After creating my new dRAID zpool with these SSDs, I went ahead and started copying data. It's been writing at ~2.0-2.5GB/s consistently with ZFS send/recv through TrueNAS from my HDD array. I'd say those are pretty good numbers considering the source drives.

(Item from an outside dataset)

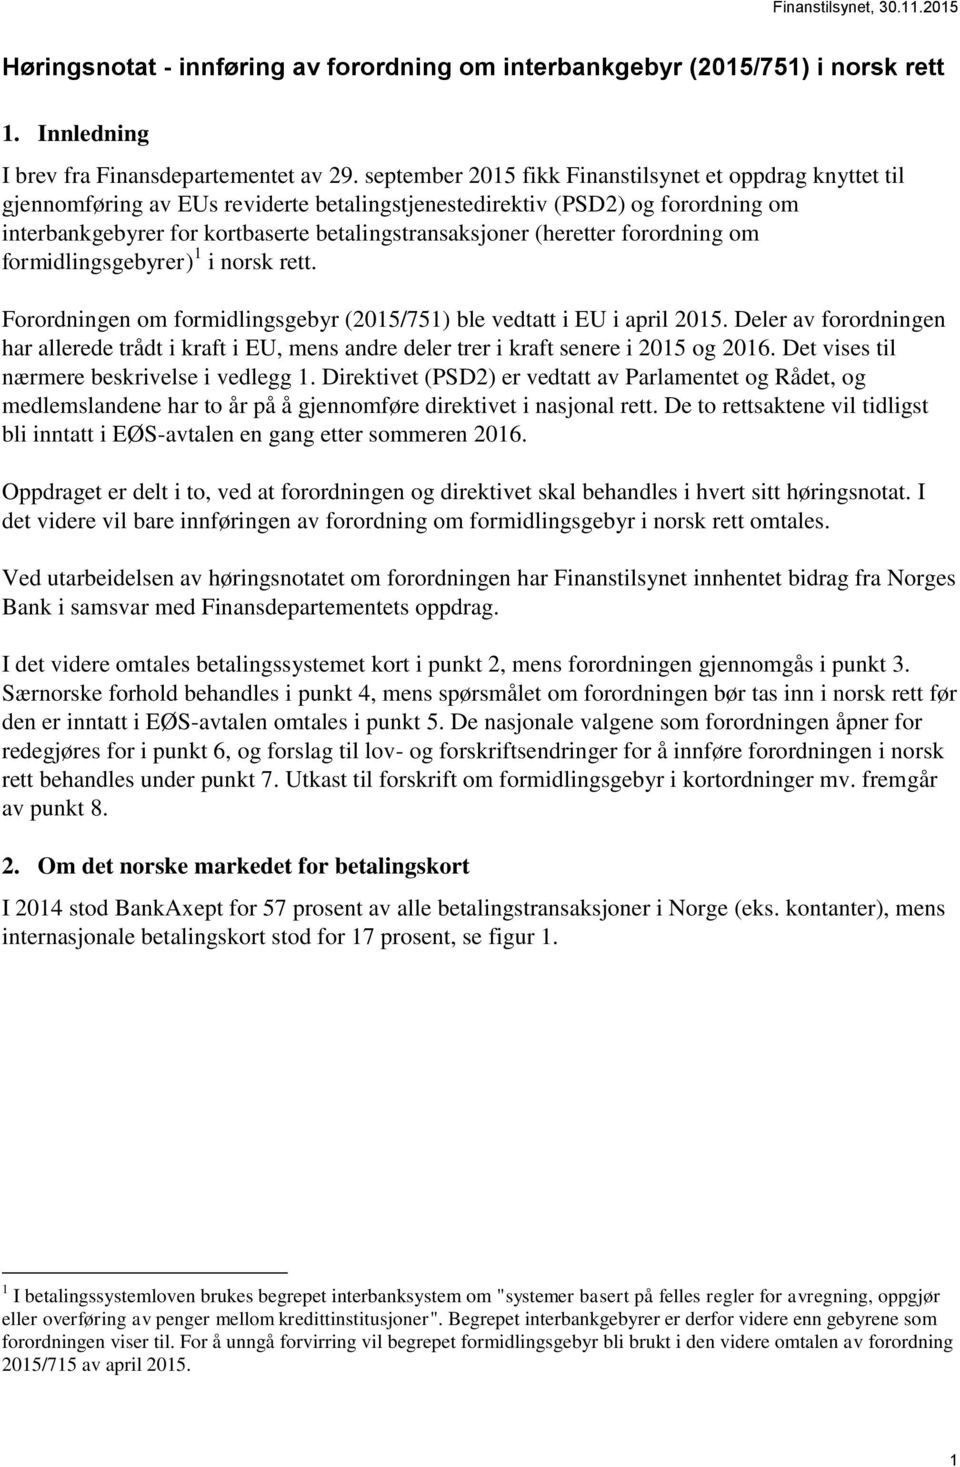 (heretter forordning om formidlingsgebyrer) 1 i norsk rett. Forordningen om formidlingsgebyr (2015/751) ble vedtatt i EU i april 2015.
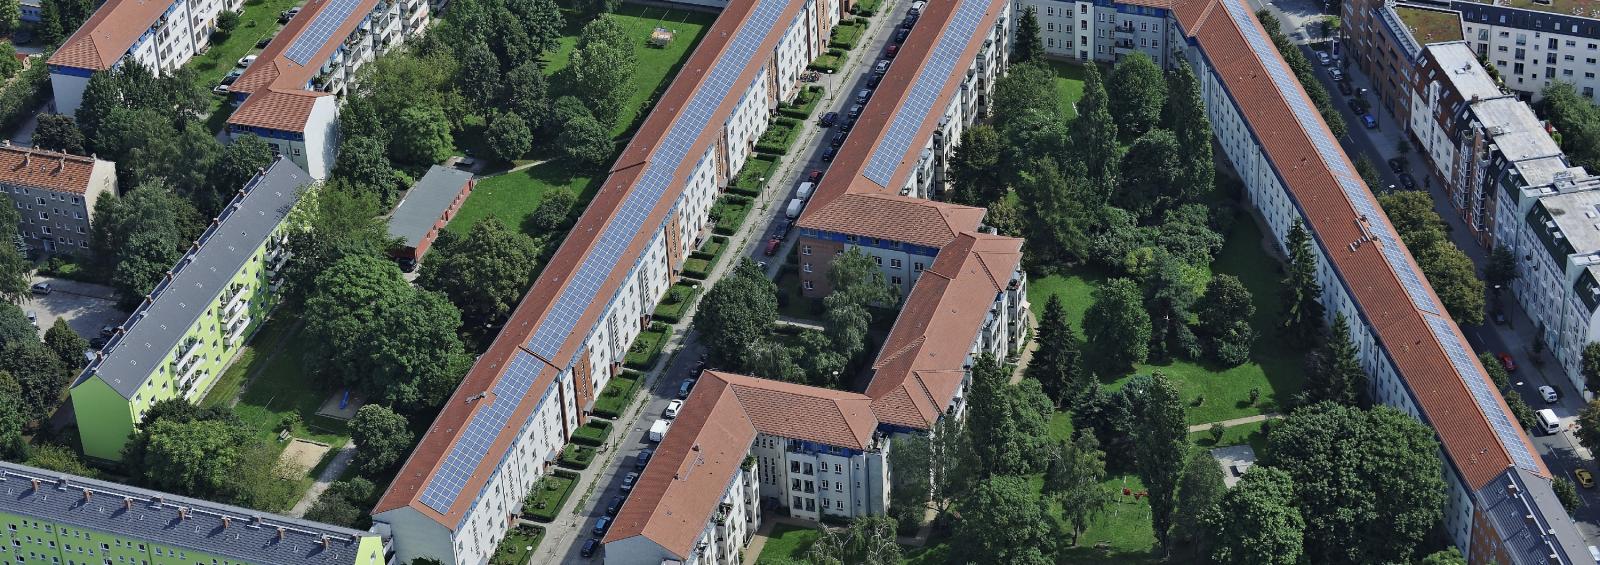 Luftaufnahme PV-Anlage auf Quartier in Weißensee

I'm assuming something was botched with that zpool. Was it a TrueNAS or ZFS issue? I can't tell anymore. Would've been good to know for posterity, but this sucked 3 days of my time. I'm just wanting everything back to normal.
SSD zpool benchmarks
I did a ton of benchmarks and landed on these two configs:
Code:
## 40 x mirrors (only 4TB) @ 1M recordsize
`readwrite`
READ: bw=3892MiB/s (4081MB/s), 3892MiB/s-3892MiB/s (4081MB/s-4081MB/s), io=38.0GiB (40.8GB), run=10001-10001msec
WRITE: bw=4059MiB/s (4256MB/s), 4059MiB/s-4059MiB/s (4256MB/s-4256MB/s), io=39.6GiB (42.6GB), run=10001-10001msec
## 7 x draid2:5d:16c:1s & 2 x special mirror @ 1M recordsize
`readwrite`
READ: bw=3251MiB/s (3408MB/s), 3251MiB/s-3251MiB/s (3408MB/s-3408MB/s), io=31.8GiB (34.1GB), run=10002-10002msec
WRITE: bw=3436MiB/s (3603MB/s), 3436MiB/s-3436MiB/s (3603MB/s-3603MB/s), io=33.6GiB (36.0GB), run=10002-10002msec
## 57 x mirrors (17 x 2TB & 40 x 4TB) @ 1M recordsize & 16 jobs
`readwrite`
READ: bw=9514MiB/s (9976MB/s), 311MiB/s-1308MiB/s (326MB/s-1372MB/s), io=93.3GiB (100GB), run=10001-10042msec
WRITE: bw=9727MiB/s (10.2GB/s), 278MiB/s-1243MiB/s (292MB/s-1303MB/s), io=95.4GiB (102GB), run=10001-10042msec
`read`
READ: bw=22.0GiB/s (23.7GB/s), 339MiB/s-5145MiB/s (355MB/s-5395MB/s), io=221GiB (237GB), run=10001-10029msec
`write`
WRITE: bw=23.3GiB/s (25.0GB/s), 1396MiB/s-1592MiB/s (1464MB/s-1670MB/s), io=233GiB (250GB), run=10004-10014msec
`randread`
READ: bw=6460MiB/s (6774MB/s), 401MiB/s-409MiB/s (421MB/s-429MB/s), io=63.3GiB (67.9GB), run=10001-10028msec
`randwrite`
WRITE: bw=7584MiB/s (7953MB/s), 379MiB/s-630MiB/s (397MB/s-660MB/s), io=74.2GiB (79.7GB), run=10002-10023msec
## 7 x draid2:5d:16c:1s & 2 x special mirror @ 1M recordsize & 16 jobs
`readwrite`
READ: bw=11.6GiB/s (12.4GB/s), 390MiB/s-1320MiB/s (409MB/s-1384MB/s), io=116GiB (124GB), run=10002-10016msec
WRITE: bw=11.7GiB/s (12.5GB/s), 393MiB/s-1323MiB/s (413MB/s-1388MB/s), io=117GiB (126GB), run=10002-10016msec
`read`
READ: bw=17.7GiB/s (19.0GB/s), 551MiB/s-2811MiB/s (578MB/s-2947MB/s), io=177GiB (190GB), run=10001-10026msec
`write`
WRITE: bw=15.9GiB/s (17.0GB/s), 838MiB/s-1295MiB/s (878MB/s-1358MB/s), io=159GiB (171GB), run=10001-10016msec
`randread`
READ: bw=12.5GiB/s (13.5GB/s), 786MiB/s-819MiB/s (824MB/s-859MB/s), io=126GiB (135GB), run=10001-10015msec
`randwrite`
WRITE: bw=6626MiB/s (6948MB/s), 332MiB/s-633MiB/s (348MB/s-664MB/s), io=72.0GiB (77.3GB), run=10001-11130msec
## Benchmark script
zfs set primarycache=none Temp
fio --ioengine=libaio --filename=/mnt/Temp/performanceTest --direct=1 --sync=0 --rw=readwrite --bs=16M --numjobs=16 --iodepth=1 --runtime=10 --size=50G --time_based --name=fio
fio --ioengine=libaio --filename=/mnt/Temp/performanceTest --direct=1 --sync=0 --rw=read --bs=16M --numjobs=16 --iodepth=1 --runtime=10 --size=50G --time_based --name=fio
fio --ioengine=libaio --filename=/mnt/Temp/performanceTest --direct=1 --sync=0 --rw=write --bs=16M --numjobs=16 --iodepth=1 --runtime=10 --size=50G --time_based --name=fio
fio --ioengine=libaio --filename=/mnt/Temp/performanceTest --direct=1 --sync=0 --rw=randread --bs=16M --numjobs=16 --iodepth=1 --runtime=10 --size=50G --time_based --name=fio
fio --ioengine=libaio --filename=/mnt/Temp/performanceTest --direct=1 --sync=0 --rw=randwrite --bs=16M --numjobs=16 --iodepth=1 --runtime=10 --size=50G --time_based --name=fio
rm /mnt/Temp/performanceTest
zfs set primarycache=all Temp
I'm satisfied with getting an extra 100 TiB from using dRAID. The speeds are already at max SMB Multichannel I can support, and my NVMe drives in Windows are gen4, so each individually should be able to saturate this link. I think I'm good!
One thing I'm surprised about is the relatively slow speeds. Considering each drive is addressable directly by the hardware, and considering that PCIe 3.0 x8 is plenty of bandwidth for these SATA SSDs, I wish I could get more speed out of them just for kicks. Oh well.